The resolution capability of laser scanners has been investigated experimentally by several authors. Reference [17] carried out a general analysis of various indicators of laser scanner accuracy based on data acquired experimentally with commercial scanners on specifically designed targets, including observations of the influence of mixed pixels on effective resolution and edge effects. References [16,18] used optical transfer function analysis to define a unified metric that accounts for the joint impact of scanning resolution and beam size, demonstrating that the effective RC is only reliably defined by the selected scanning resolution when the latter is much larger than the laser footprint. Reference [19] evaluated the interplay between scanning resolution and beam divergence empirically to derive practical insights for the appropriate choice of the scanning resolution and scanning configuration in view of the required level of detail of the resulting point cloud. Following the approach of [17] and using ad-hoc targets [15,20,21] focused on extensive experimental investigations of the RC of specific instruments, providing practical recommendations about the suitability of certain scanners and settings for given requirements in terms of level of geometric details represented by the point cloud.

Herein, we complement these investigations by providing an analytical expression for predicting the angular resolution capability as a function of beam properties and additionally relevant parameters, namely distance, distance noise, surface reflectivities and modulation wavelength. We focus on phase-based LiDAR (light detection and ranging) which uses modulated continuous waves. This technology is the backbone of some of the most precise commercially available terrestrial laser scanners for short to medium ranges, requires no algorithmic design choices like signal detection thresholds or full wave-form analysis potentially affecting the RC, and cannot be tuned to separate multiple reflections within the same beam. We derive the analytical expression from a numerical model of the mixed pixel effect and simplify it by focusing on the most influential parameters. Our main contribution with respect to previous investigations on RC lies in providing a simple expression which bounds the RC that can be expected from a certain scanner and scanning scenario, and which requires only parameters that can in most cases be obtained directly from the manufacturer’s specifications or simply approximated.
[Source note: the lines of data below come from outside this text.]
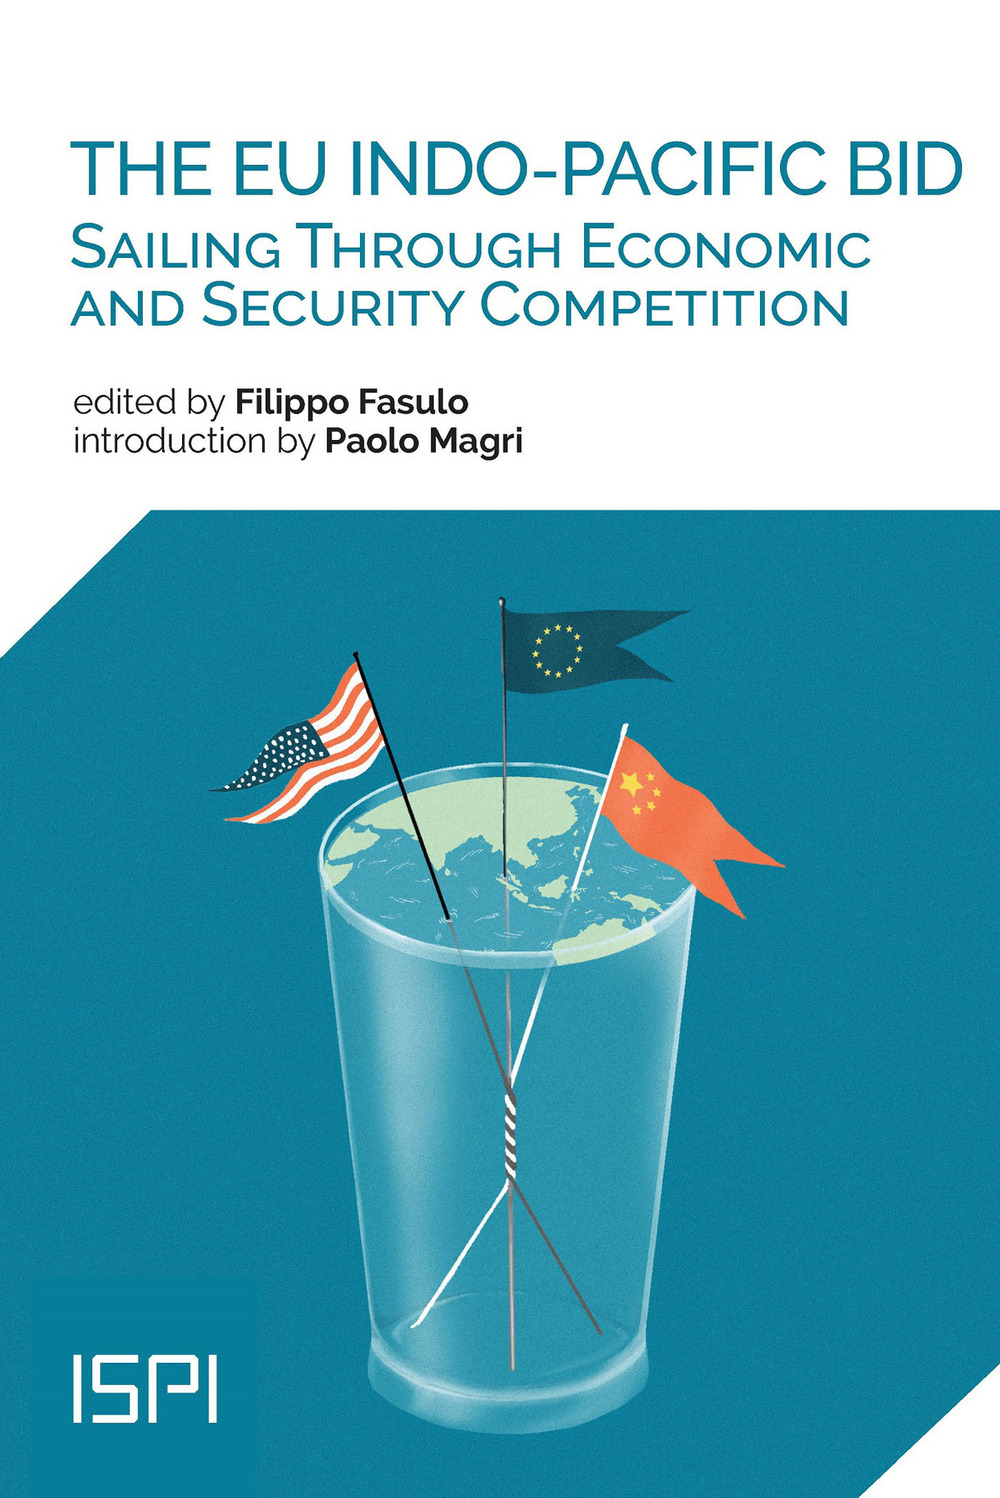 The EU Indo-Pacific bid. Sailing through economic and security competition
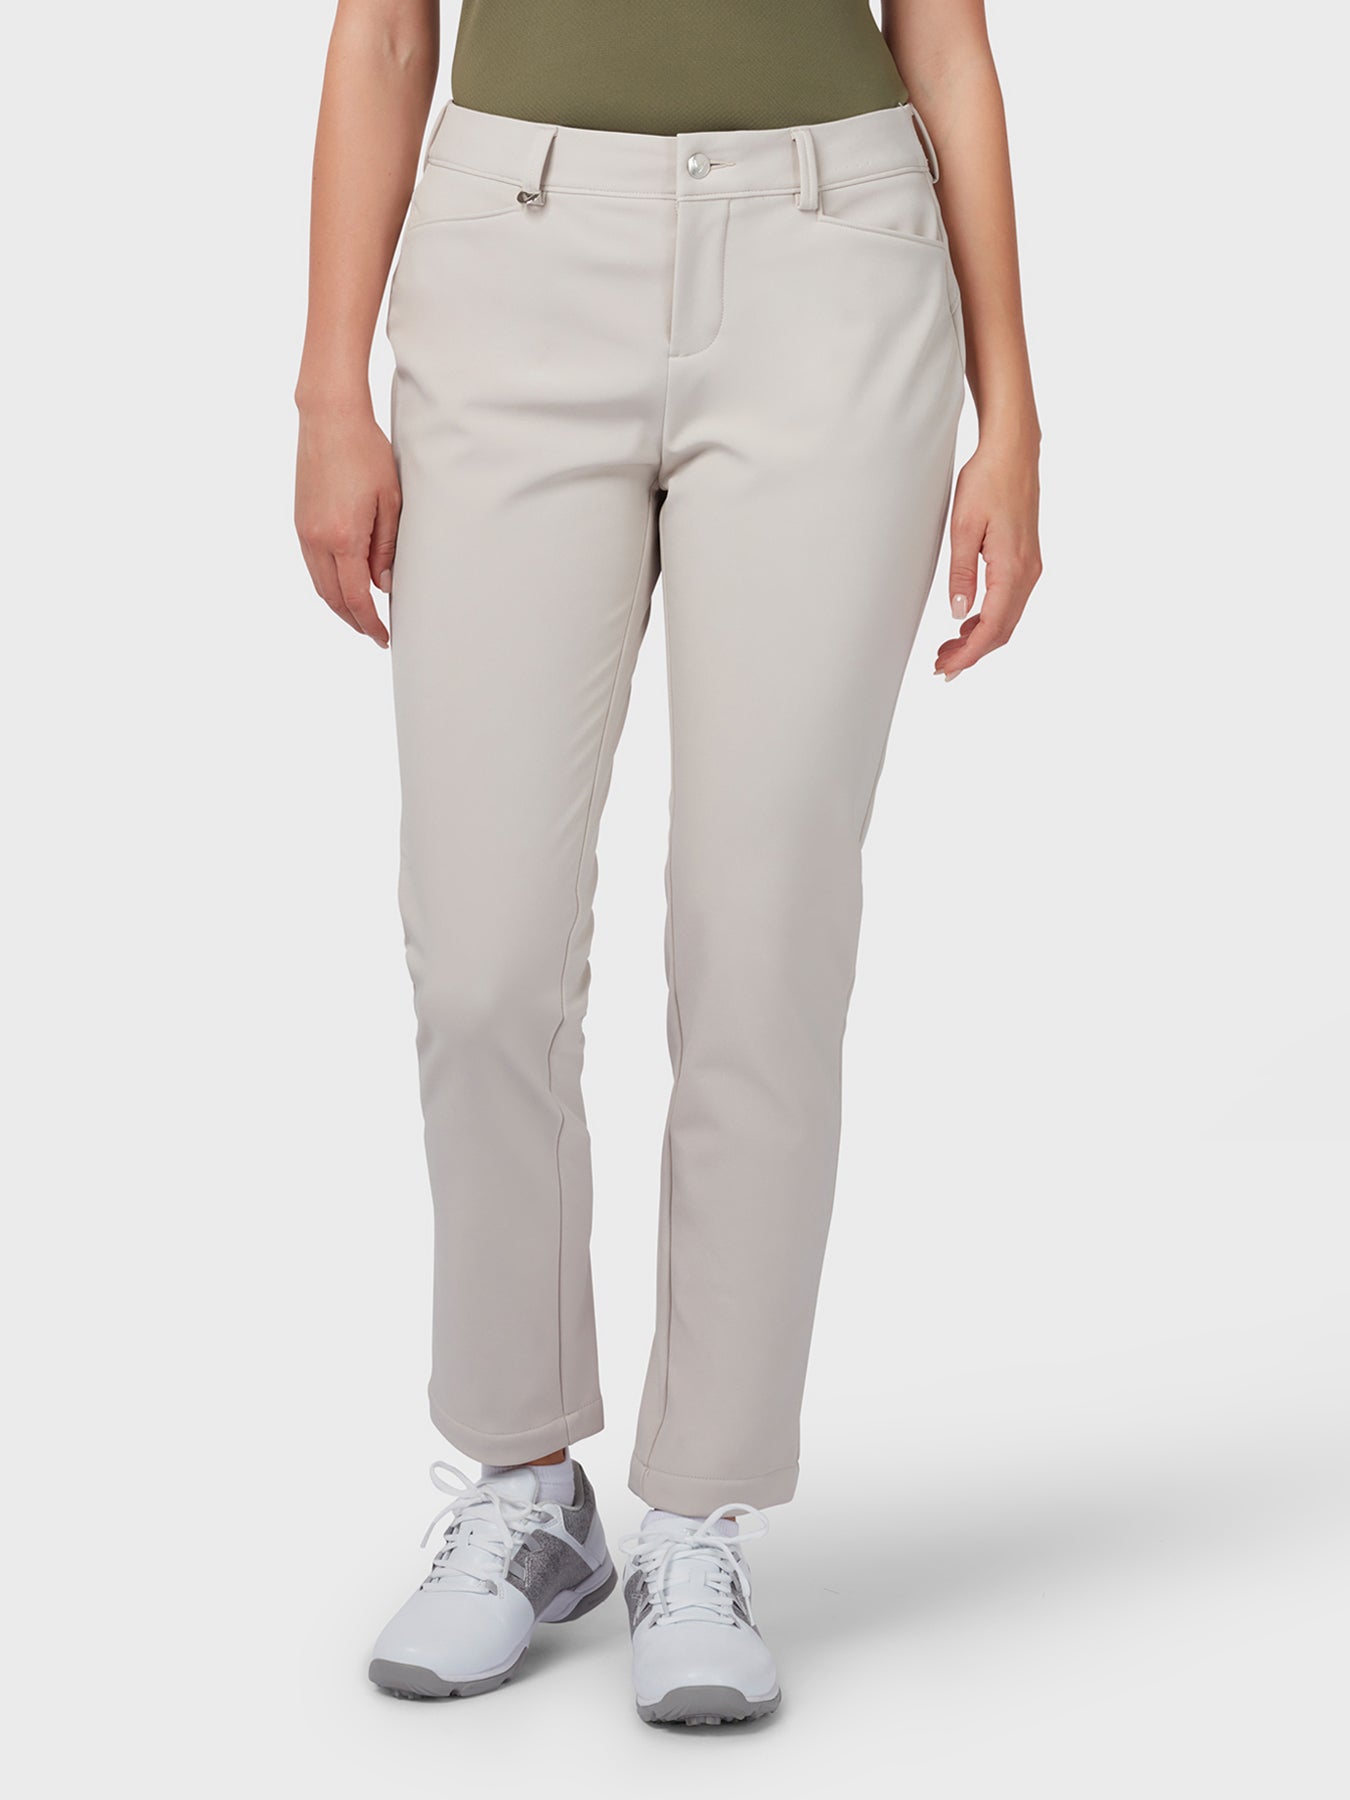 View Womens Thermal Trouser In Chateau Grey Chateau Grey XL 29 information
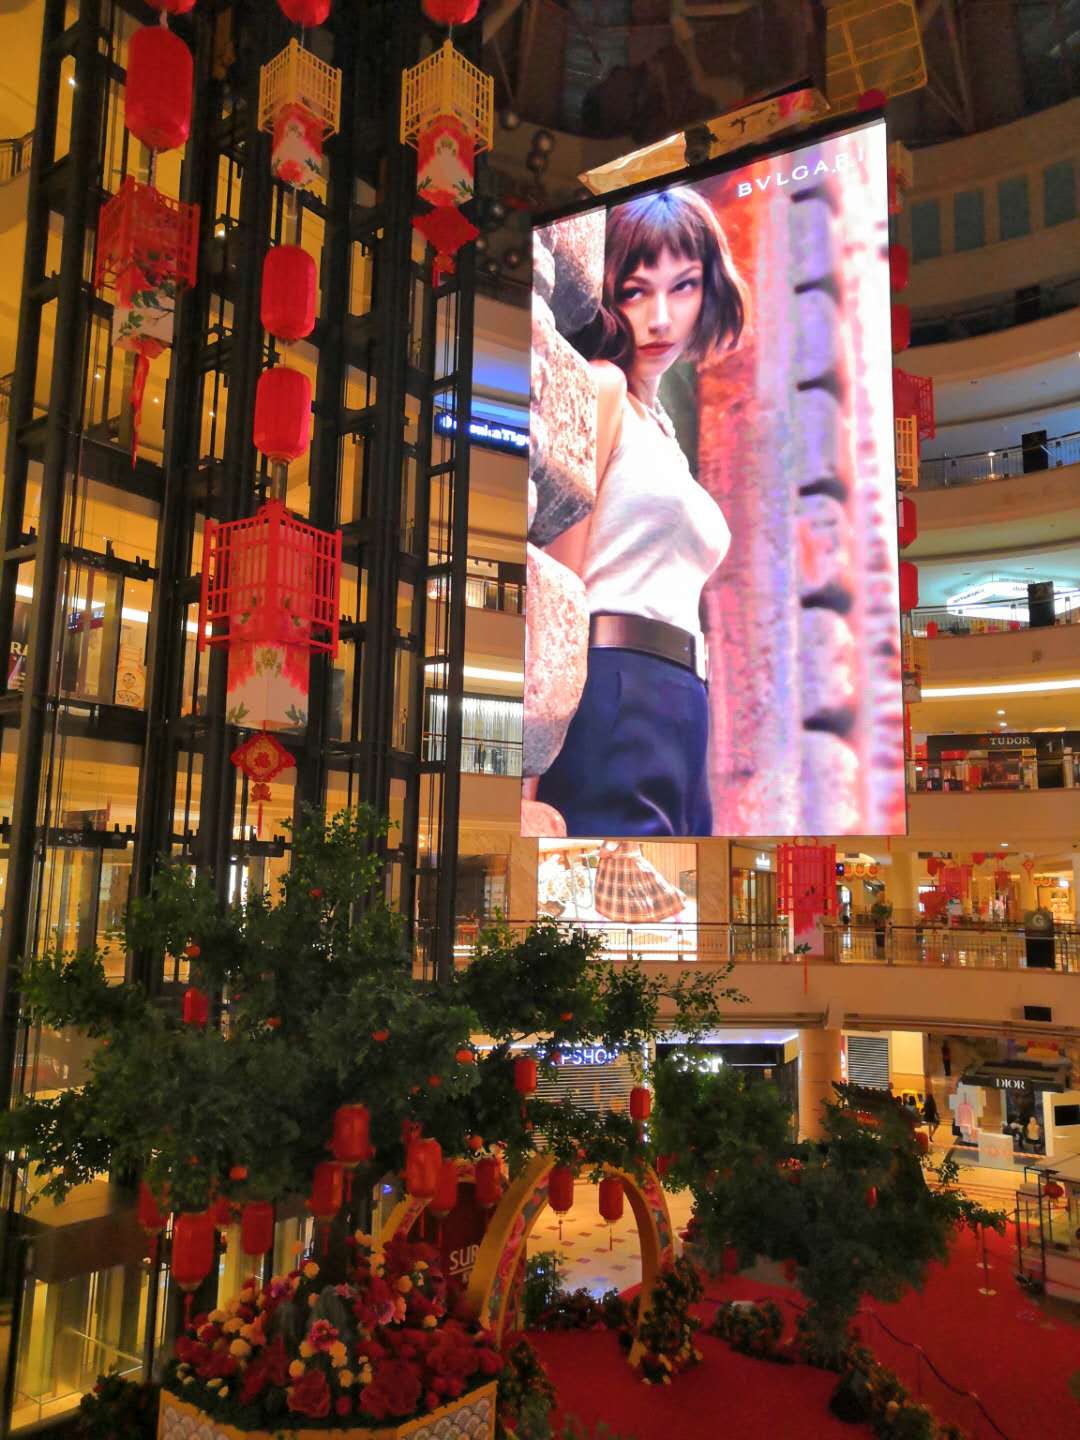 suria-klcc-mall-kl-malaysia-the-world-largest-led-hanging-rotating-double-sided-screen-display-ledsign-engineering2_1_orig

Our models of mixed pixels and RC are based on the assumption of a Gaussian beam [22,23,24]. If the beam waist diameter and the beam divergence are given in the instrument’s data sheet, the resolution capability can be predicted with practically useful accuracy using only the data sheet and the equations given herein. However, currently the data sheets rarely contain these values or the necessary quantities allowing to calculate them unambiguously. As an additional contribution, we therefore introduce a simple procedure to derive sufficient approximations of the beam parameters experimentally, from scans across an edge between a planar foreground and a planar background. The MATLAB functions for calculating the beam parameters from the scans are provided on GitHub: https://github.com/ChaudhrySukant/BeamProfiling (accessed on 2 February 2021).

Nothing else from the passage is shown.